*** SUPPLIED INFORMATION Section Begins ***

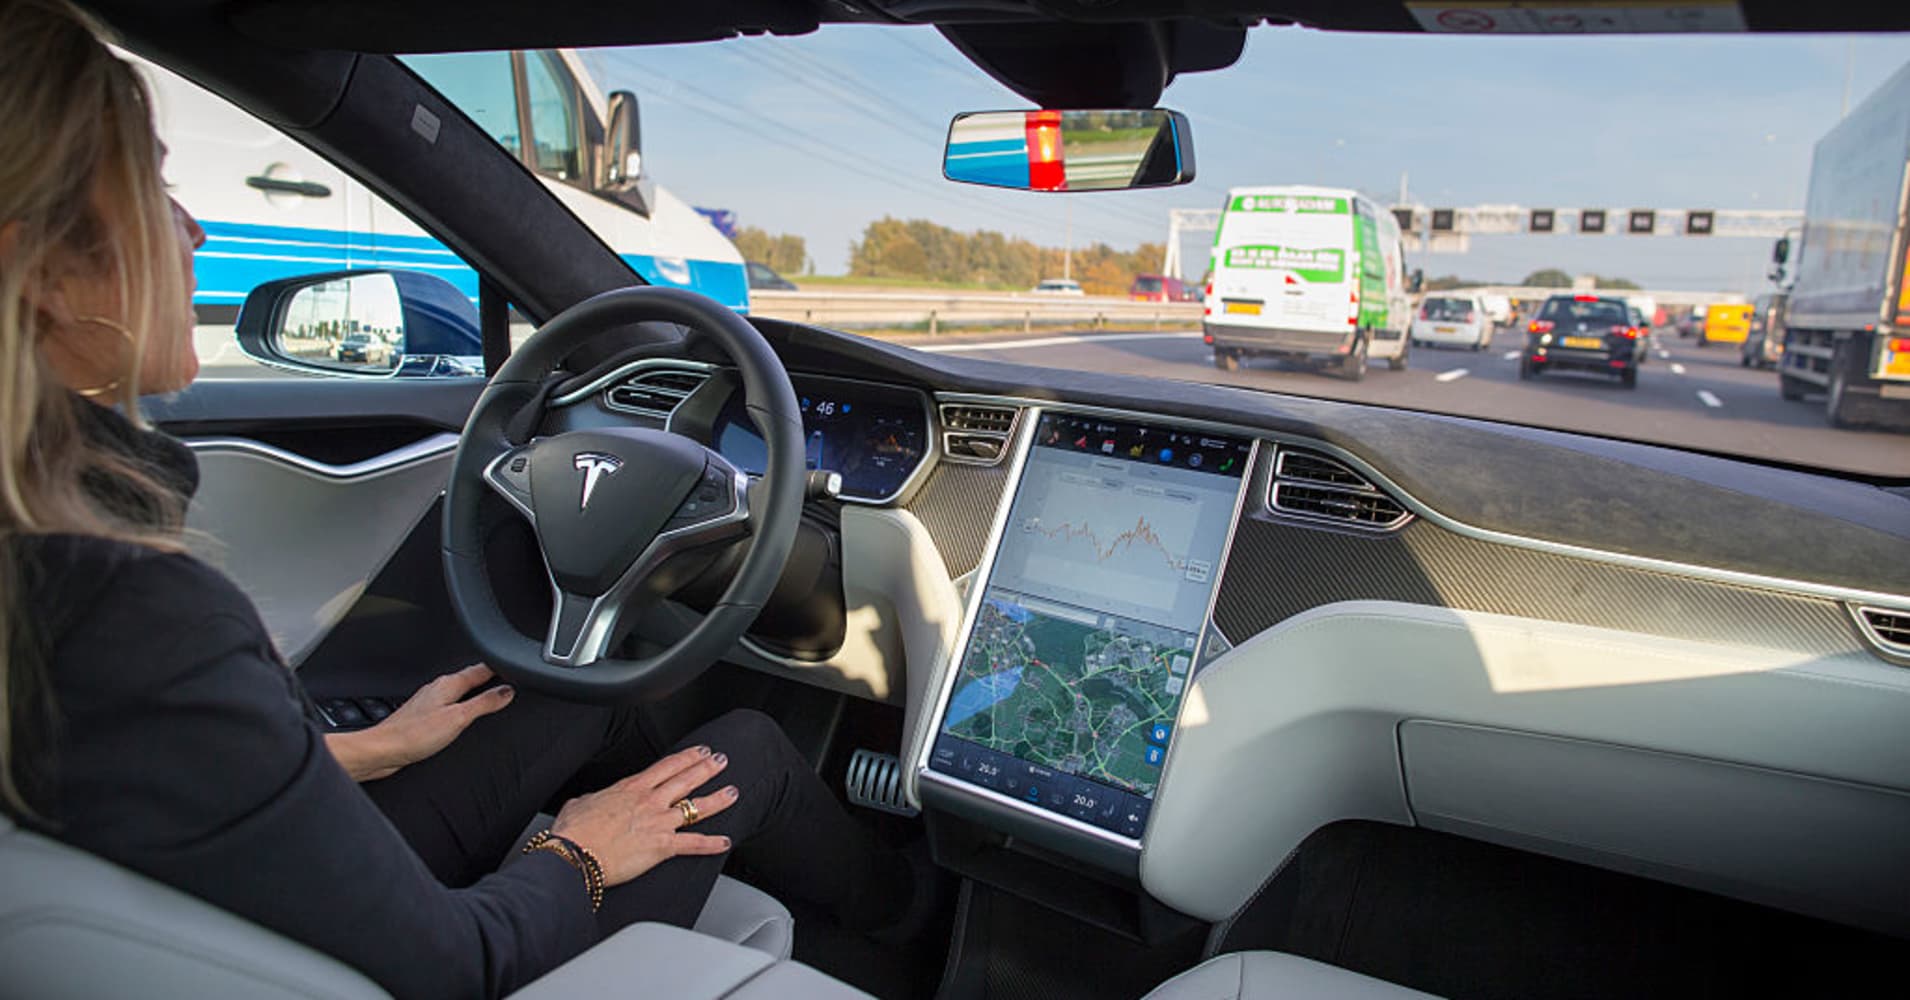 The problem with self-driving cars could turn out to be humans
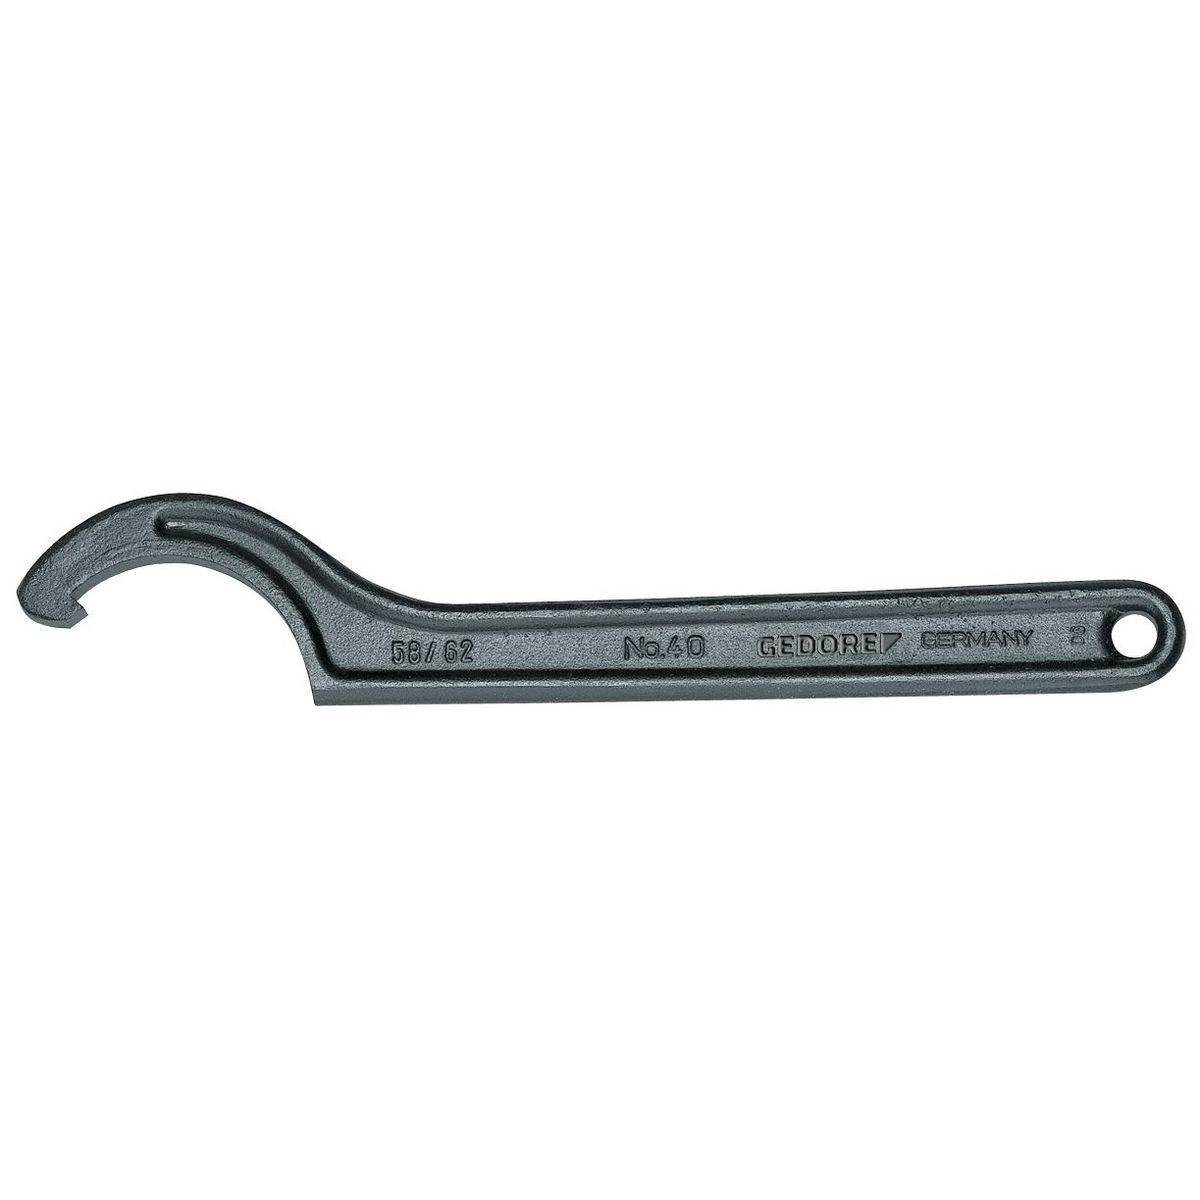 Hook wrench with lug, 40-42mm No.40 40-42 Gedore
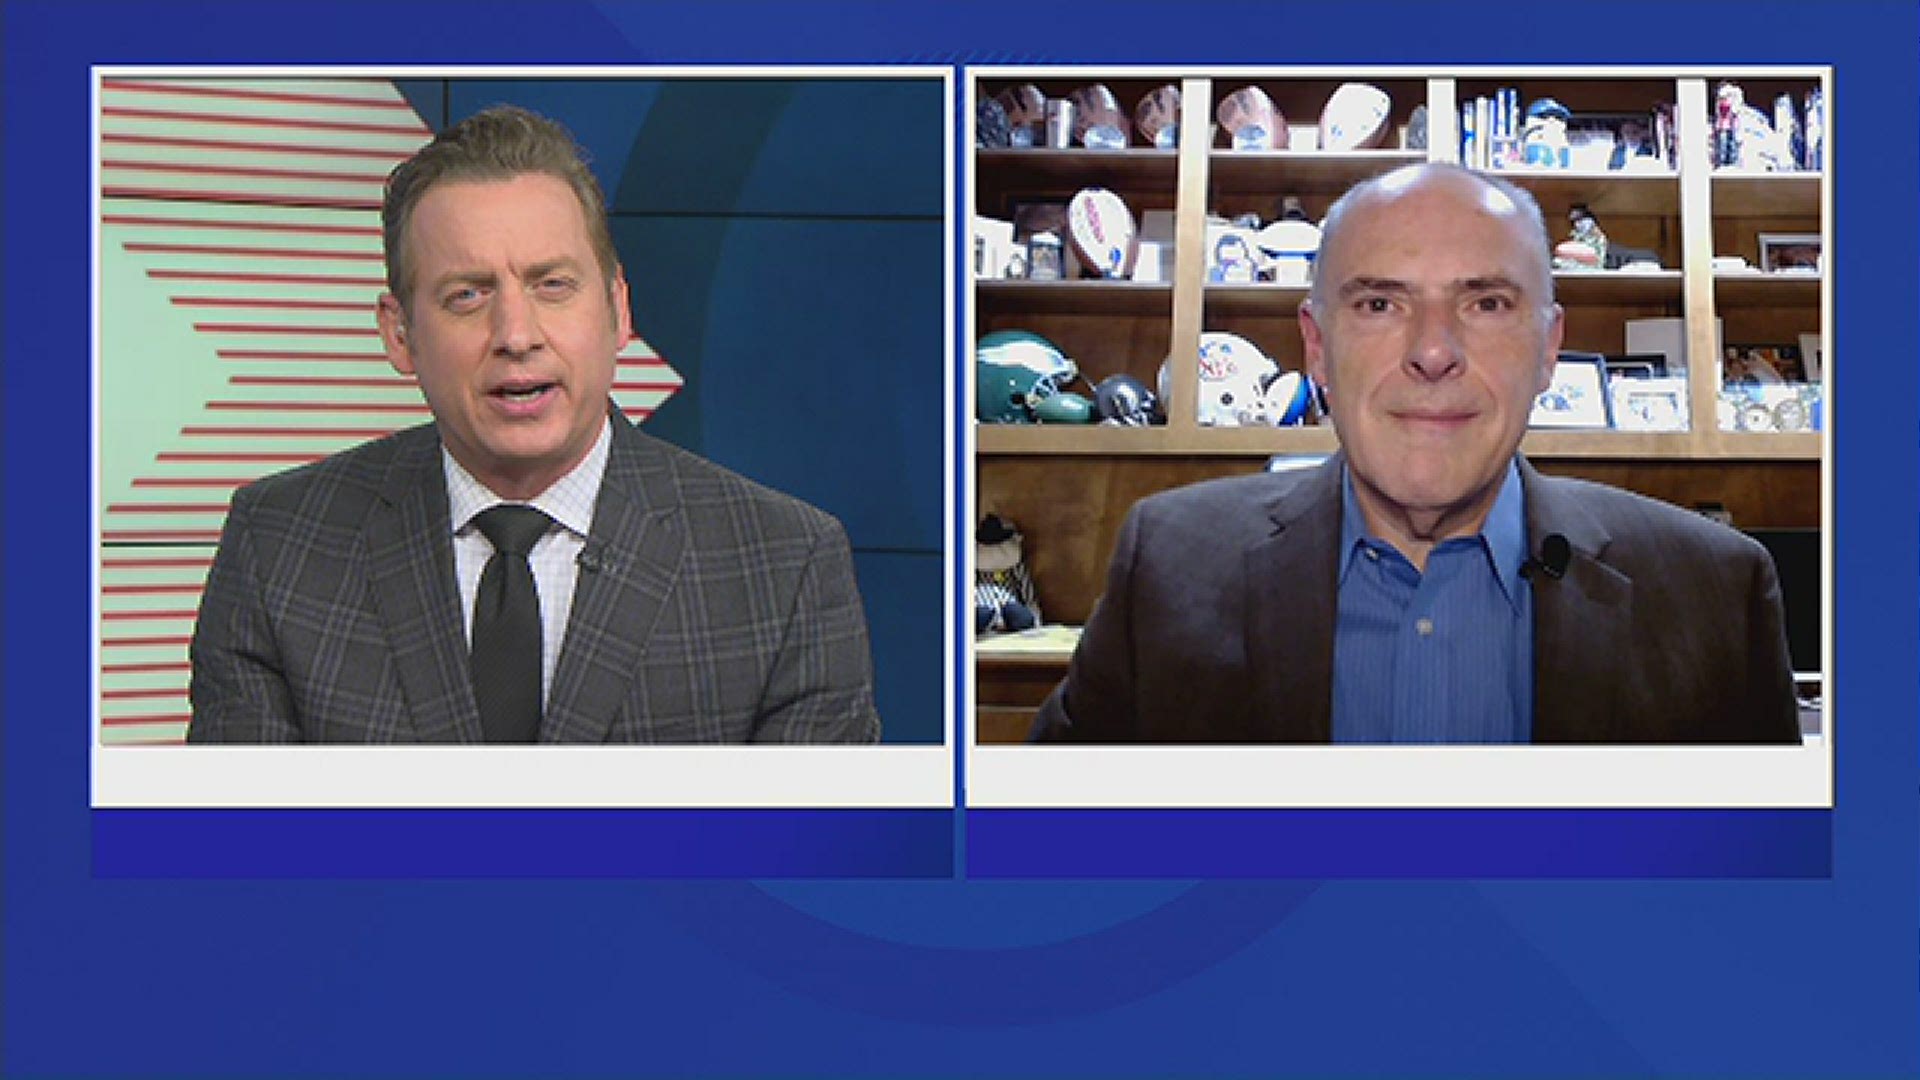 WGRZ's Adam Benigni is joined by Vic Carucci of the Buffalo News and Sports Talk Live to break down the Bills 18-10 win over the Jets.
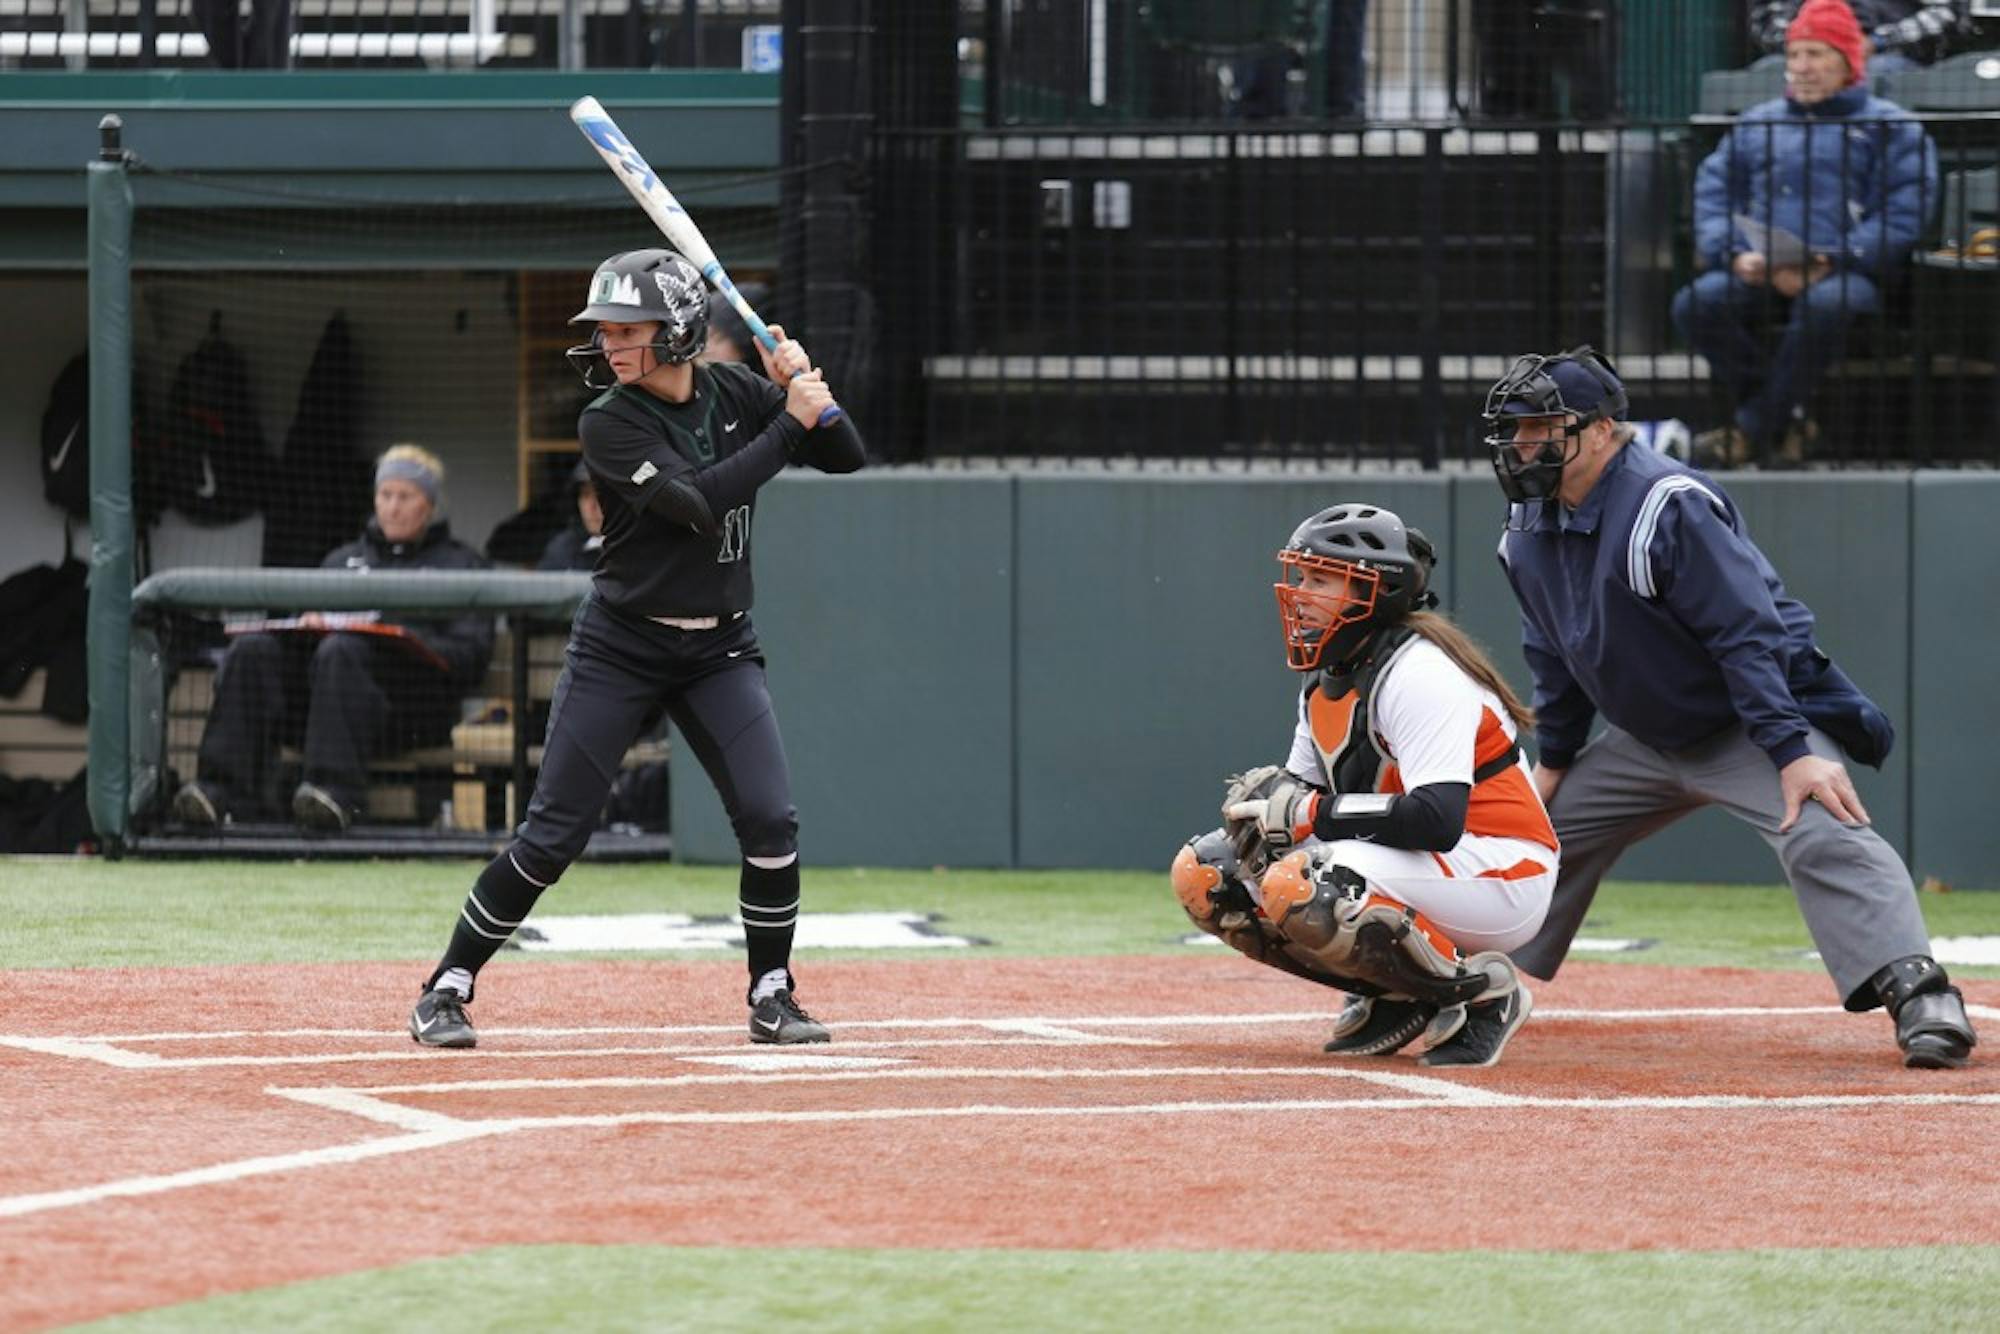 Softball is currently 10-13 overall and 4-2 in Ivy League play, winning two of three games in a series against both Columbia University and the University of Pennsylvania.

*** SUPPLIED INFORMATION Section Ends ***

[WORK REQUEST] Starting at the line that contains "WGRZ's Adam Benigni", transcribe every line through the end of the listing exactly, including both end lines and excluding pictures.

[SOLVED EXERCISE]
 WGRZ's Adam Benigni is joined by Vic Carucci of the Buffalo News and Sports Talk Live to break down the Bills 18-10 win over the Jets.
 Softball is currently 10-13 overall and 4-2 in Ivy League play, winning two of three games in a series against both Columbia University and the University of Pennsylvania.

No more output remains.